News

Former Teacher and Coach Pleads Guilty to Receipt of Child Pornography

FOR IMMEDIATE RELEASE
January 5, 2010

Baltimore, Maryland - John Joseph Kovach, Jr., age 52, of Reisterstown, Maryland, pleaded guilty today to receipt of child pornography.

The guilty plea was announced by United States Attorney for the District of Maryland Rod J. Rosenstein, Special Agent in Charge William Winter of U.S. Immigration and Customs Enforcement, Chief James W. Johnson of the Baltimore County Police Department, Special Agent in Charge Richard McFeely of the Federal Bureau of Investigation and Baltimore County State’s Attorney Scott Shellenberger.

According to his plea agreement and court documents, John Kovach was an assistant field hockey coach at Towson University and was a teacher and coach at a private elementary school in Montgomery County, Maryland. On February 27, 2009, a California investigator contacted the Baltimore County Police Department concerning an individual who was engaging in sexually explicit conversations over the internet with young girls. As part of their investigation, Baltimore County Police executed search warrants at Kovach’s home and at both of the schools where he worked, seizing computers and other materials related to their investigation. A federal search warrant was issued for the seized computers and forensic analysis of the computers revealed 252 images and 9 videos depicting child pornography. A number of the images of child pornography depicted children under the age of 12 years old engaging in sexually explicit conduct and some of the images also portrayed sadistic or masochistic conduct. Forensic analysis was also able to determine that the child pornography was received by Kovach through the Internet.

Kovach faces a minimum sentence of five years in prison and a maximum sentence of 20 years in prison, followed by supervised release up to life. U.S. District Judge Catherine C. Blake has scheduled sentencing for March 24, 2010 at 9:00 a.m.

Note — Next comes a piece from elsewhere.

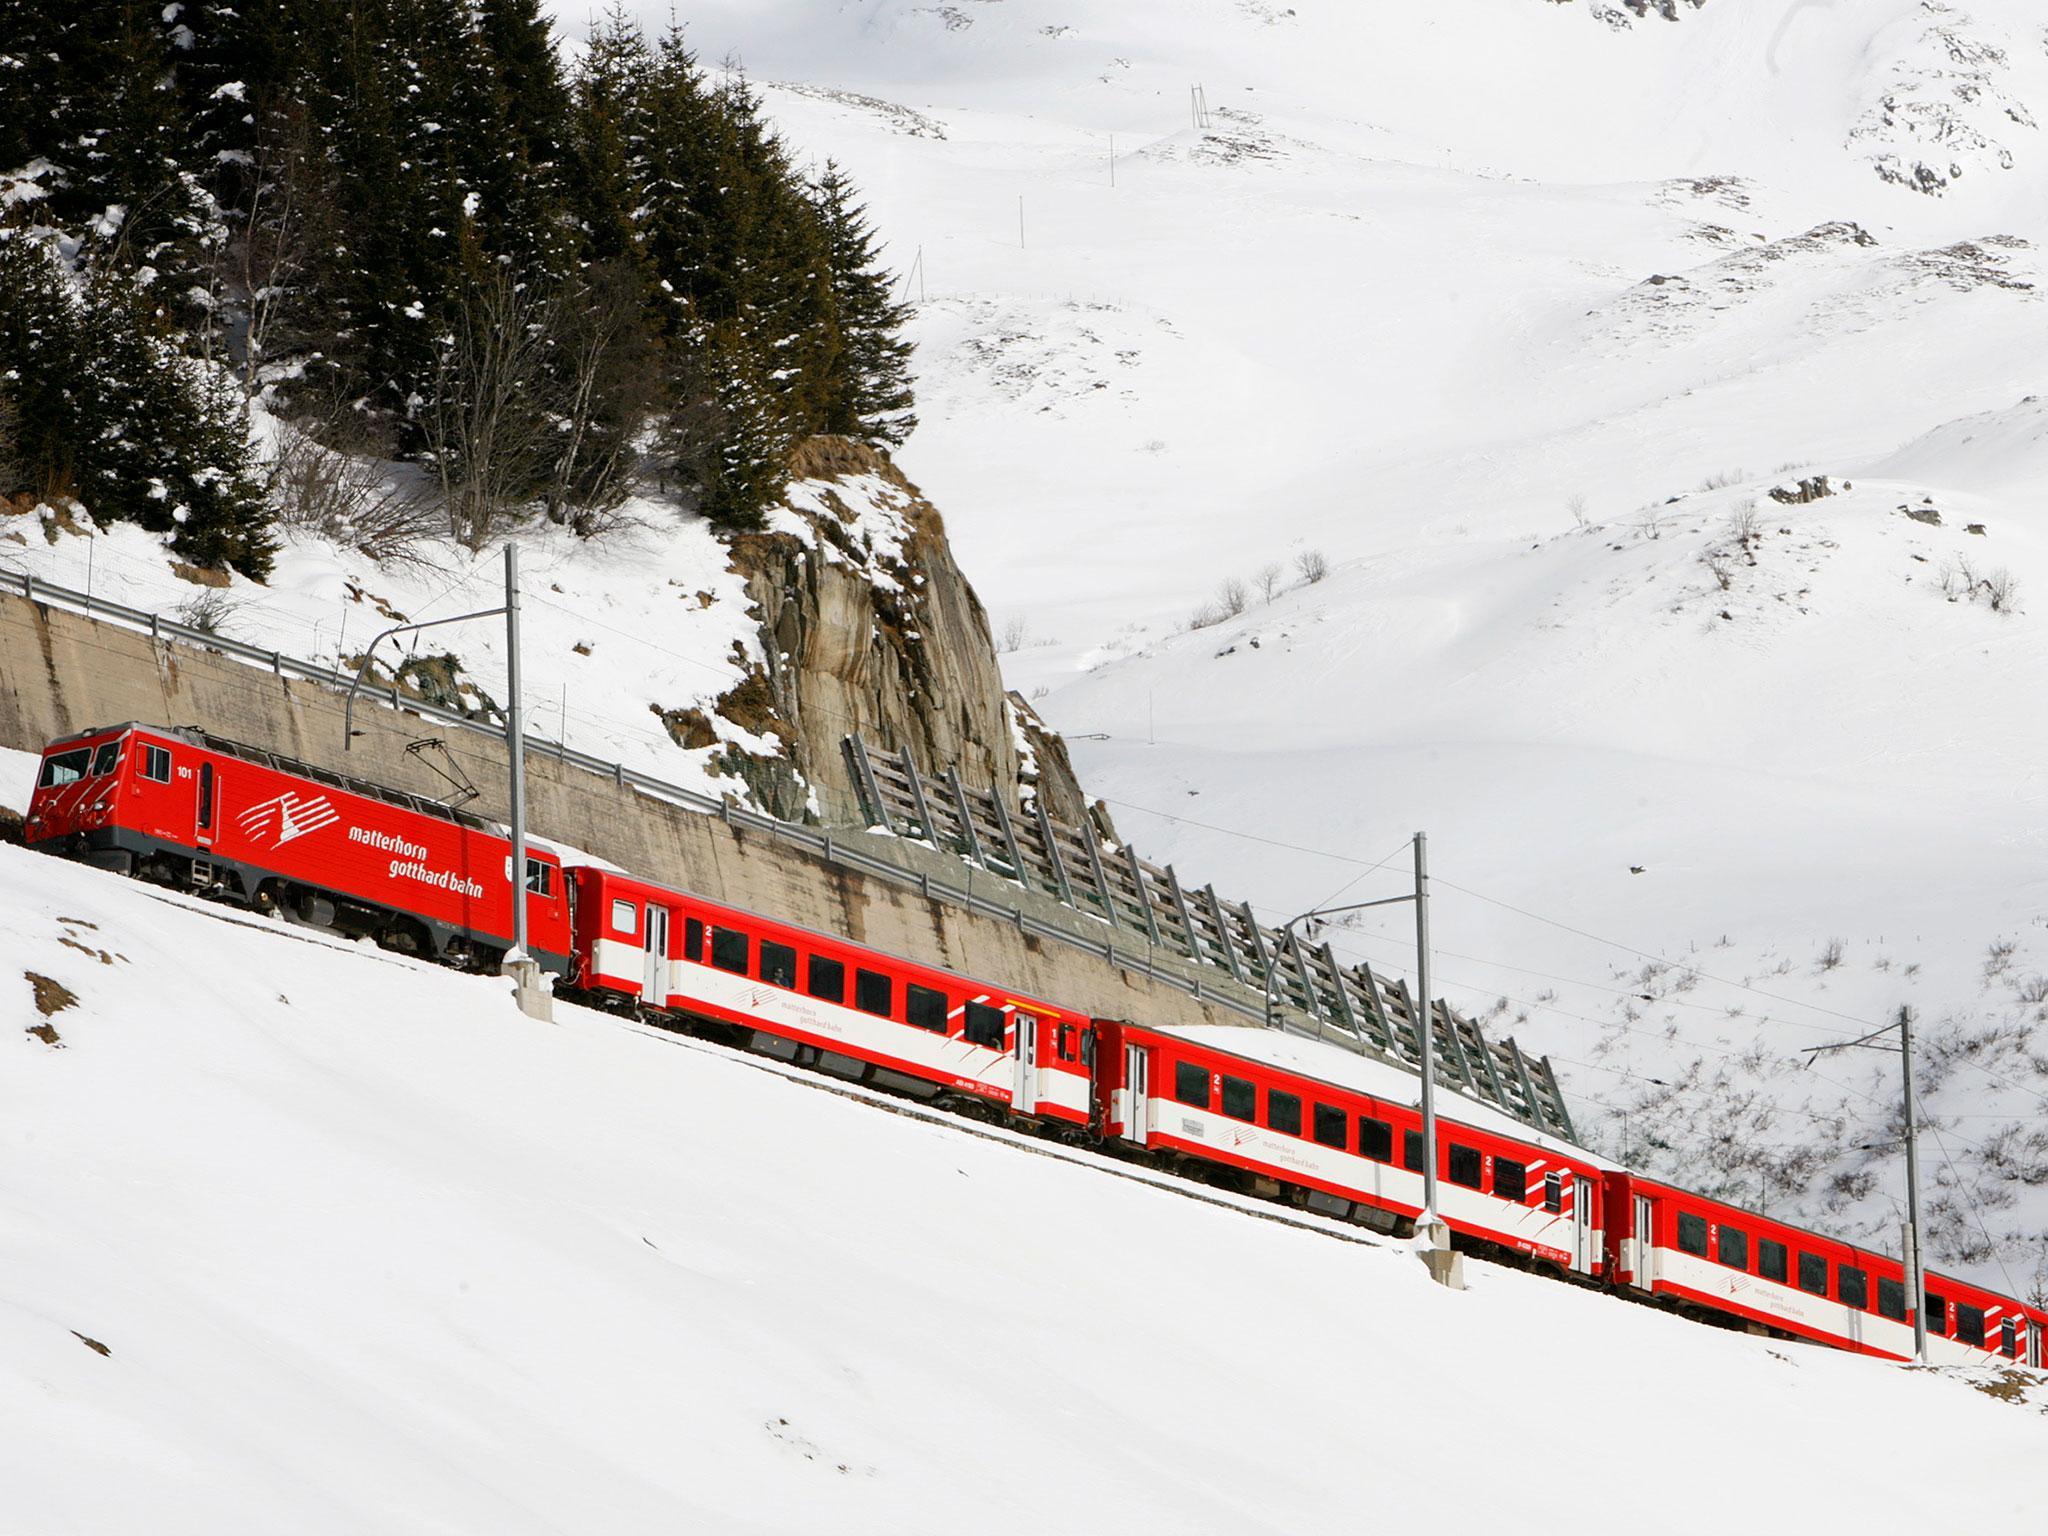 Switzerland train crash around 30 casualties after two for Baxter svizzera

This case was brought as part of Project Safe Childhood, a nationwide initiative to combat the growing epidemic of child sexual exploitation and abuse launched in May 2006 by the Department of Justice. Led by United States Attorneys’ Offices and the Criminal Division's Child Exploitation and Obscenity Section (CEOS), Project Safe Childhood marshals federal, state and local resources to better locate, apprehend and prosecute individuals who exploit children via the internet, as well as to identify and rescue victims. For more information about Project Safe Childhood, please visit www.projectsafechildhood.gov. Details about Maryland’s program are available at http://www.usdoj.gov/usao/md/Safe-Childhood/index.html.

United States Attorney Rod J. Rosenstein thanked Assistant U.S. Attorney Bonnie S. Greenberg, who is prosecuting the case.